Young male Sparrowhawk Accipiter nisus, Epervier d'Europe.
WIV 3 3 19 p How now, my eyas-musket, what news with you?
The sparrowhawk must have been more numerous before systematic clearance began, but it prefers broken rather than continuous forest, tending to leave mature forest to one of its few predators, the Goshawk (see ESTRIDGE). Leslie BROWN, quoted by HARRISON in The History of The Birds of Britain (1988), suggests that the medieval population might have been between a quarter to a half a million adult sparrowhawks. In the mid-1980s it has been estimated at 50 000. The first figure claims no scientific value but gives an idea of what "nature" must have been like even a bit later in Shakespeare's time. Given the contrast between these figures, we can conclude that the sparrowhawk must have been common and known and seen by all.

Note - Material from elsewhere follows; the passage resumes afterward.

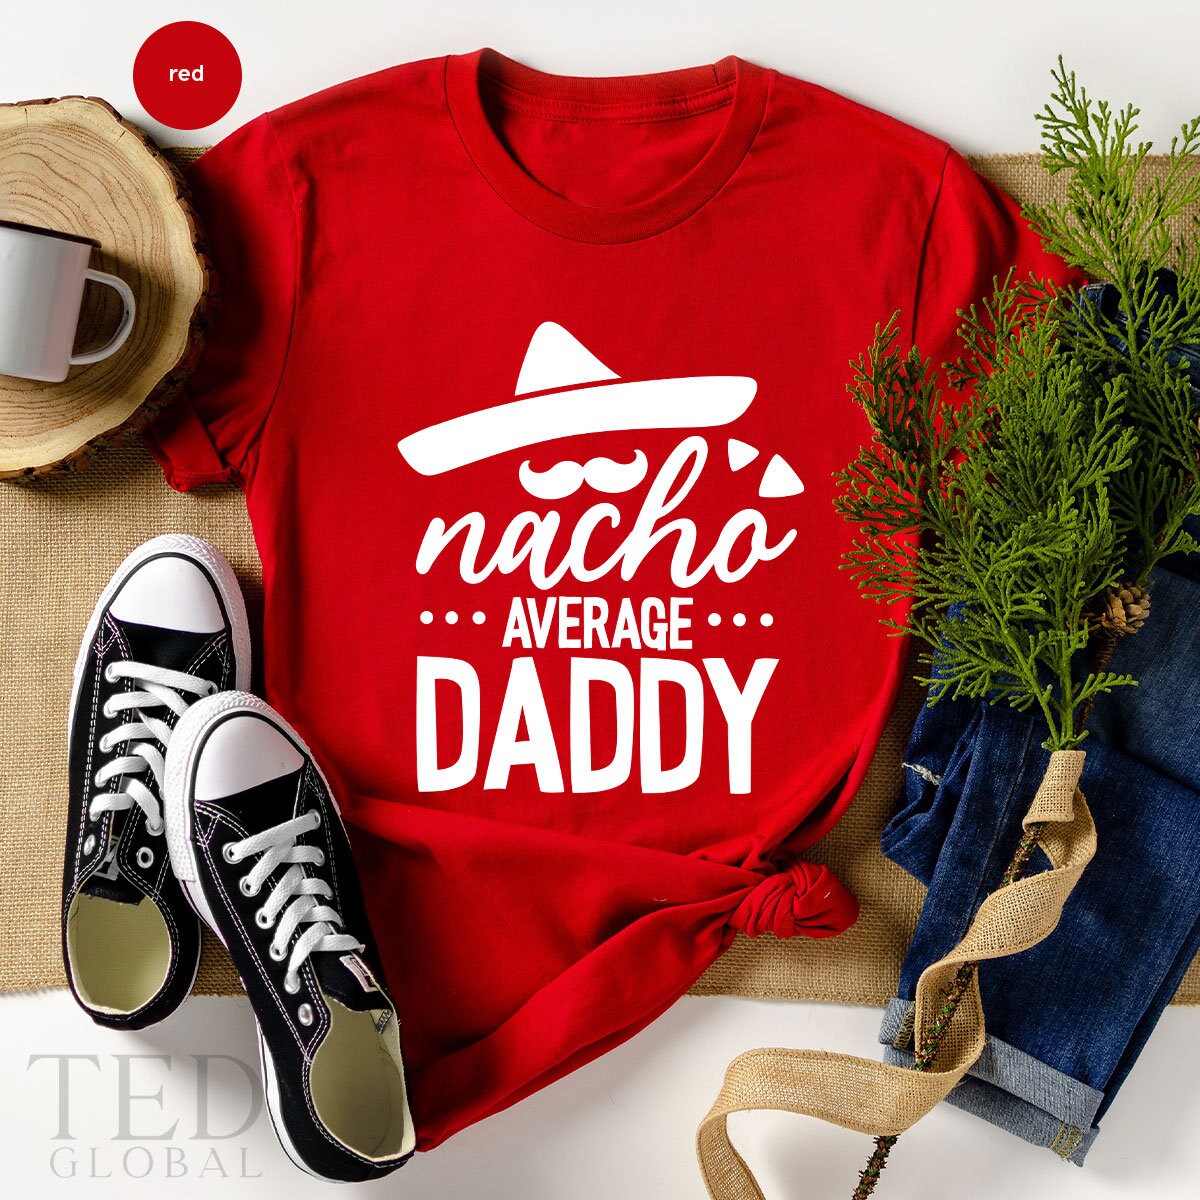 Funny Dad TShirt, Fathers Day Shirt, Nacho Dad Shirt, Fatherhood T Shirt, Dad Birthday Gift, Nacho Average Daddy Tee, Mexican Dad T-Shirt, - Fastdeliverytees.com

Male sparrowhawks, which are a third smaller than females, were probably used by children or during early training sessions, since the sparrowhawk was not praised much for falconry as it is too small.

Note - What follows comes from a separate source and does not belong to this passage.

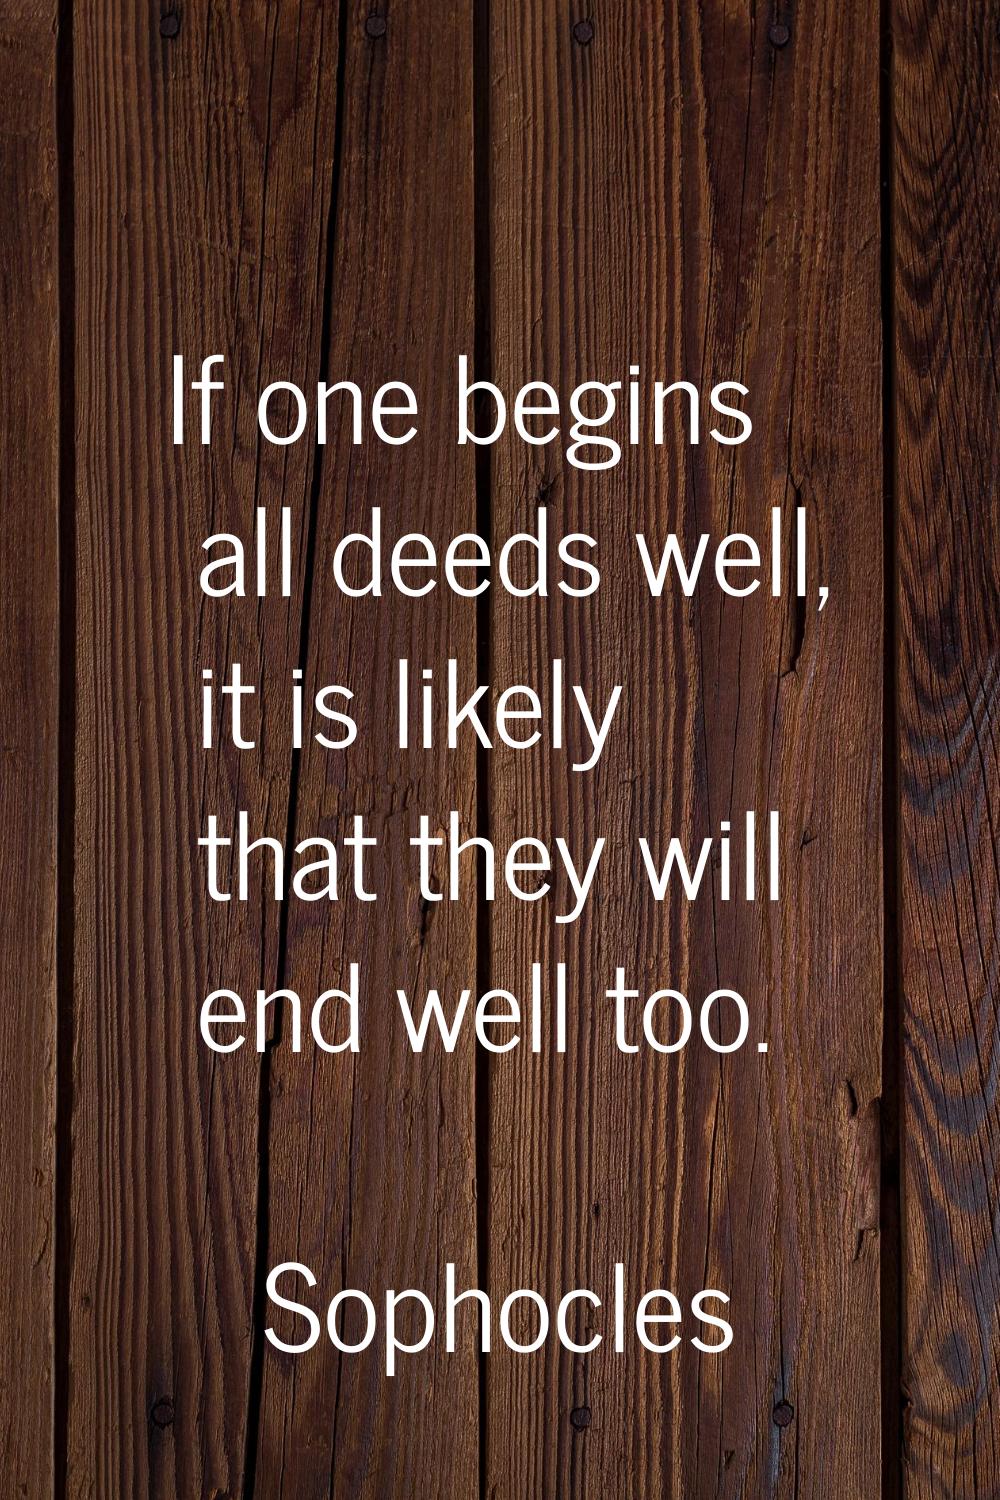 If one begins all deeds well, it is likely that they will end well too.

"Eyas" was a term of falconry used to designate the young and unfledged birds of prey still in their eyrie (or aery) and making a lot of noise. In Hamlet, when talking about the troupe of young actors, Rosencrantz says:
there is, sir, an eyrie of children, little eyases, that
cry out on the top of question, and are most tyran-
nically clapped for't. These are now the fashion, and
so berattle the common stages
(2 2 336-40)
All the details are here: the eyrie, the noise of the young birds, etc
This quotation became famous as this "striking topical allusion would seem to place Hamlet firmly in 1601. [...it] is universally recognized as an account of the boy actors who from Michaelmas 1600 were established at the Blackfriars" (Harold JENKINS, editor of the Arden Hamlet in the introduction, p. 1).